Anushree Haldar, now 20 years old, ended her marriage and came back home against her family’s wishes and is now a second-year undergraduate student at Berhampore College.
She cycles for 15 minutes up to the bus stop from her village Nandigram in Murshidabad and then takes a 45 minutes bus ride to reach the college.
Anushree faced resistance from her husband and her family but she had the courage and determination. With that will, she decided to leave her husband and his family.
She never looked back.
“Initially, my husband and in-laws did try to stop me but when they realised that I will not stay back, they gave up. I did not run away. I took a rickshaw and returned to my village,” she said.
But the 17-year-old was not welcomed at her own home. She did not have her family’s support to take admission in Class XI.
Anushree had some money that she had saved from some scholarships she had received earlier.
She used that to take admission in Amrita Kundu Krishna Kamini Vidya Mandir, a school in a neighbouring village.
“It does not take a lot of money to study in a government school. So, I could manage with what I had. Later, my mother accepted me and supported my decision,” said Anushree. Her father had passed away in 2012.

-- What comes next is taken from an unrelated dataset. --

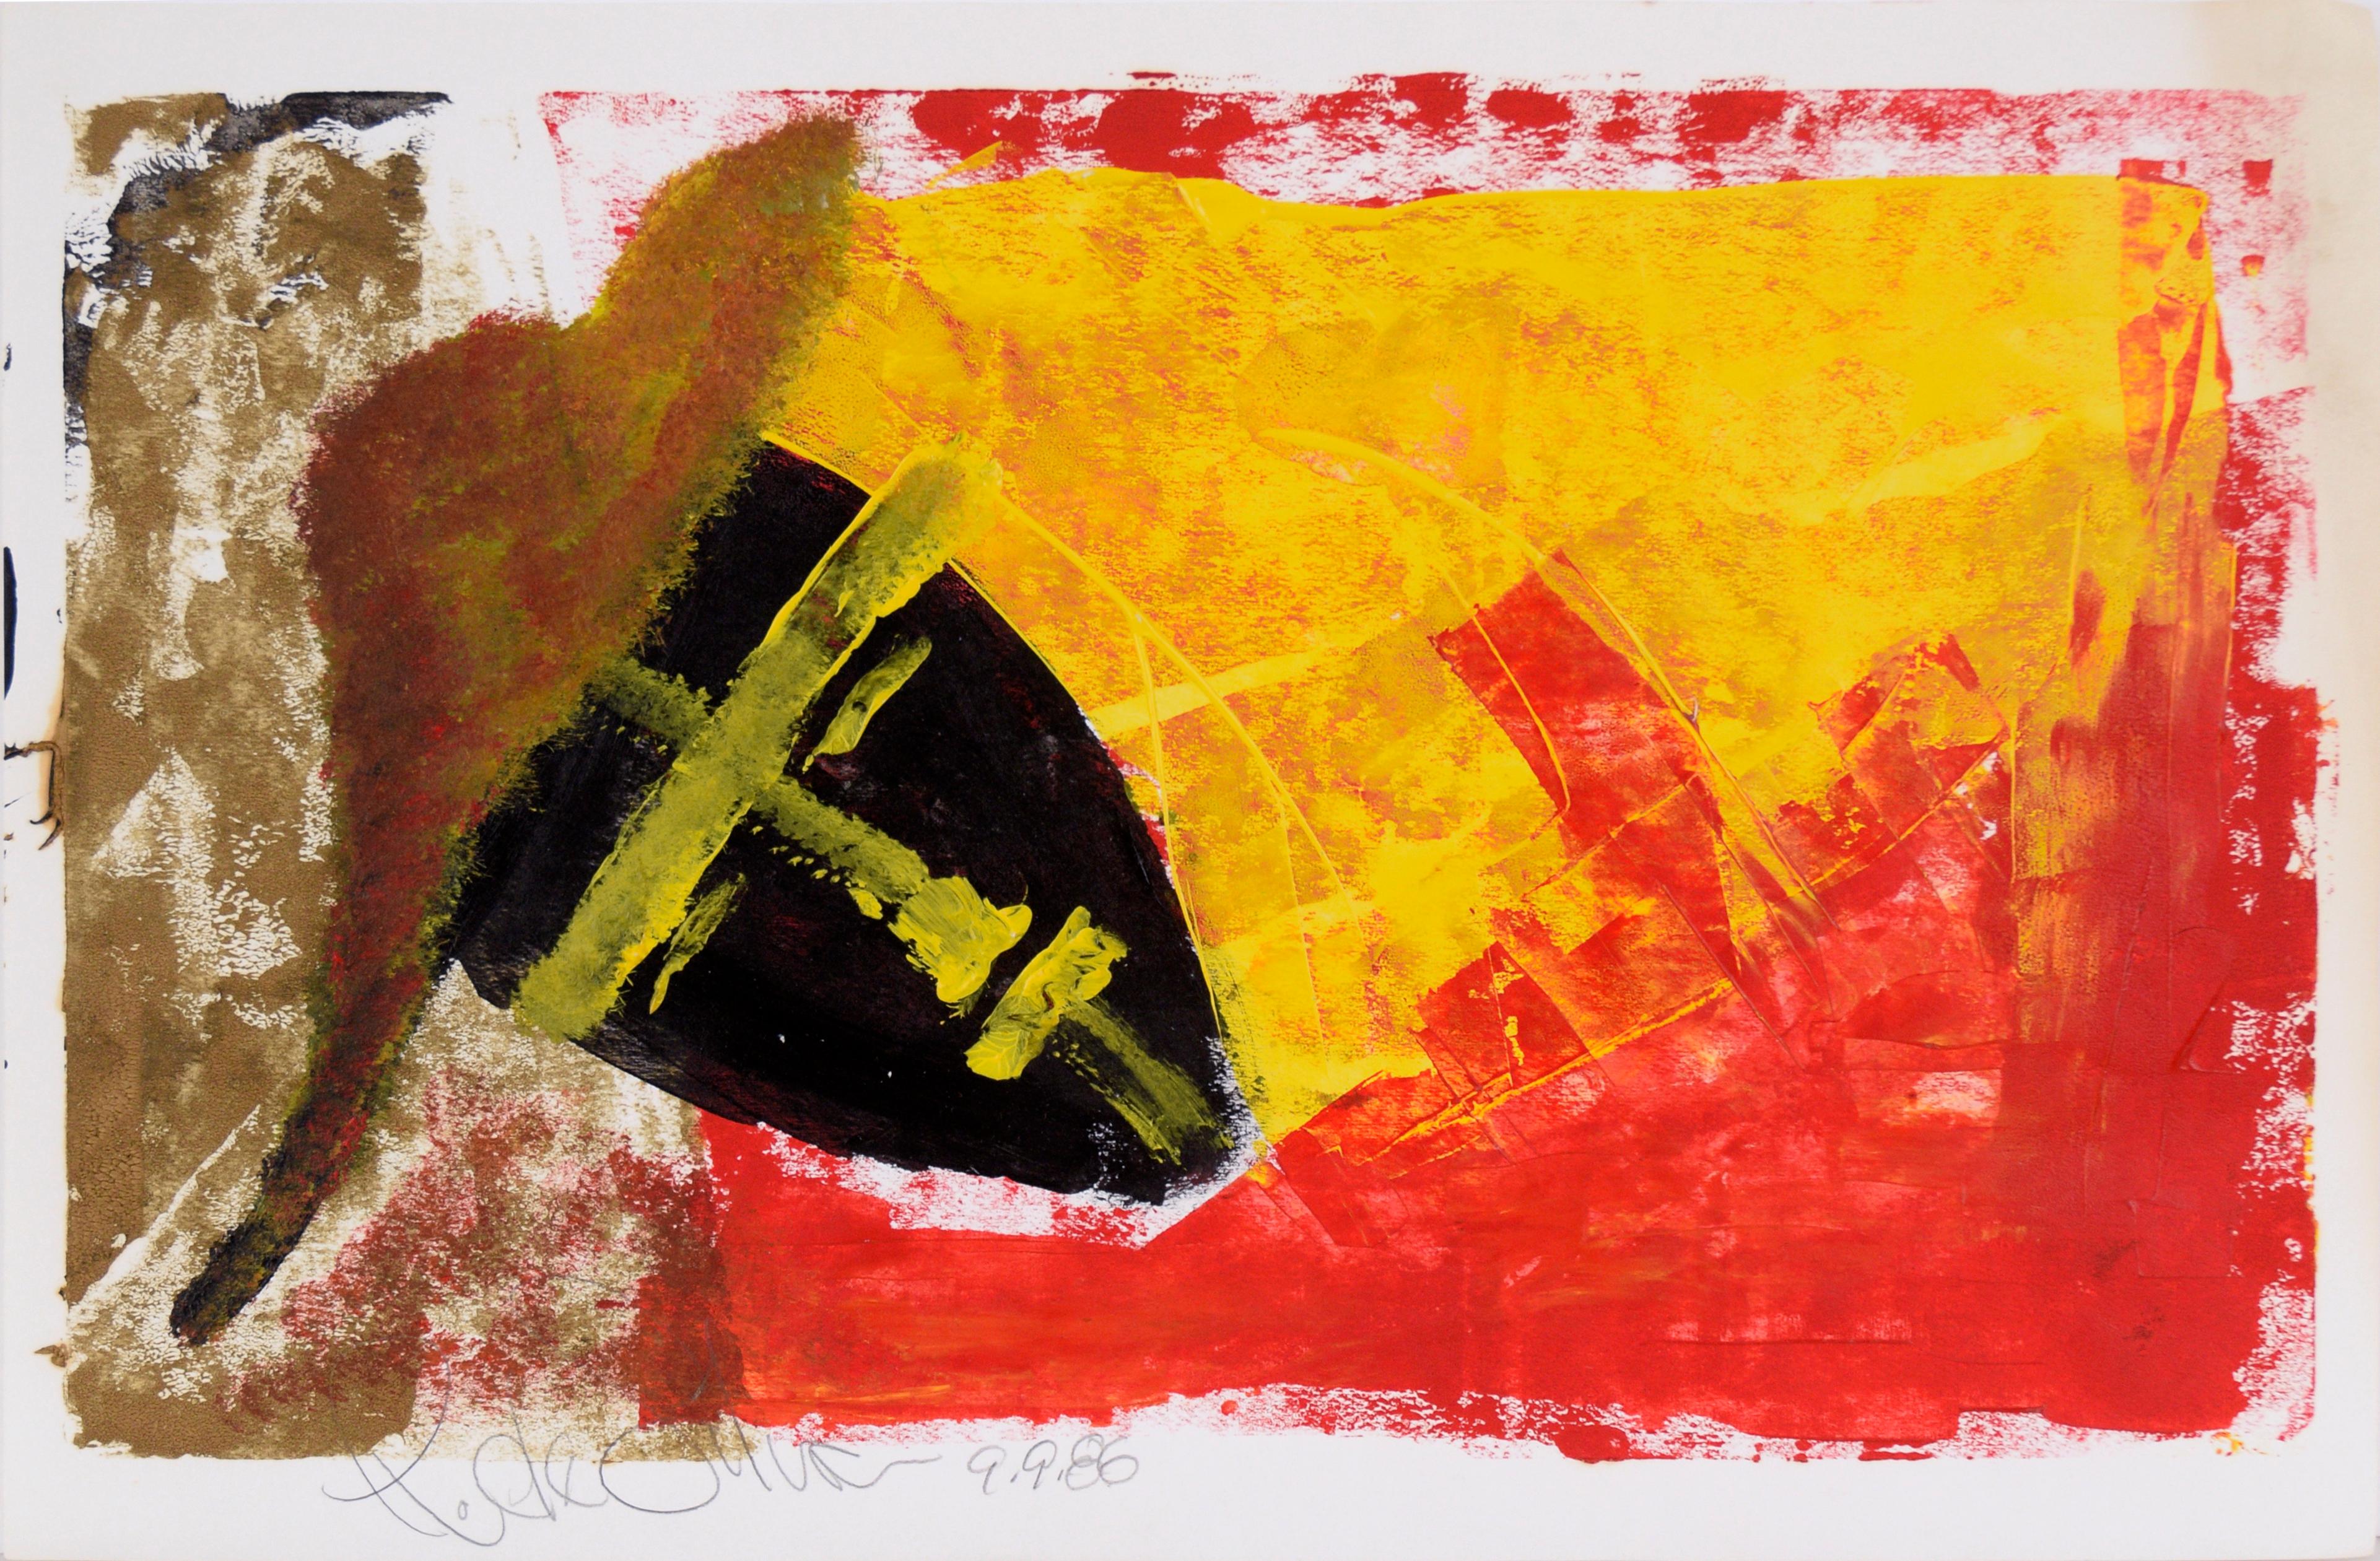 Abstract Painting Ricardo de Silva - Sombrero dans le masque de fer - Expressionniste abstrait géométrique en acrylique sur papier

Anushree and some other young girls and boys were felicitated in a programme in the city recently organised by Nehru Yuva Kendra Sangathan (under the Union ministry of youth affairs & sports) and Unicef.
The young girls and boys have been fighting in their villages and neighbourhoods against child marriage, violence against children and gender equality.
They pledged to continue to do so.
Anushree’s fight did not end with her ending her marriage. But it continues as she tries to stop many others like her from getting married.
“It is important for girls to stand on their own feet. Unless girls study and get educated how will they become independent?” she told The Telegraph.
“During awareness campaigns carried out by the government, we hear that nobody should marry before the age of 18. But in reality, that is not the case. I try to build awareness among my friends or in my village that education and equality are important for a woman,” she said.
The chief of Unicef in Bengal said that young campaigners helped to spread awareness in the community, something that government schemes alone could not do.
There is Sana Tahseen from Kolkata, who spreads awareness to prevent violence against children. Soumen Das of Jalpaiguri works to raise awareness on education for girl children.
“There are schemes through which the government tries to curb child marriages. But there are certain norms in society that can be challenged by creating awareness and the youth help in doing that,” said Mohammad Mohiuddin, chief, Unicef office of Bengal.
“The percentage of women aged 20-24 married off before the age of 18 is 41.6 per cent, according to the recent National Family Health Survey (NFHS5),” he said.
Child marriage has adverse impacts on the health of the girl child. It cuts short girls’ schooling, restricts their entry into the workforce and brings lifelong subjugation and suffering.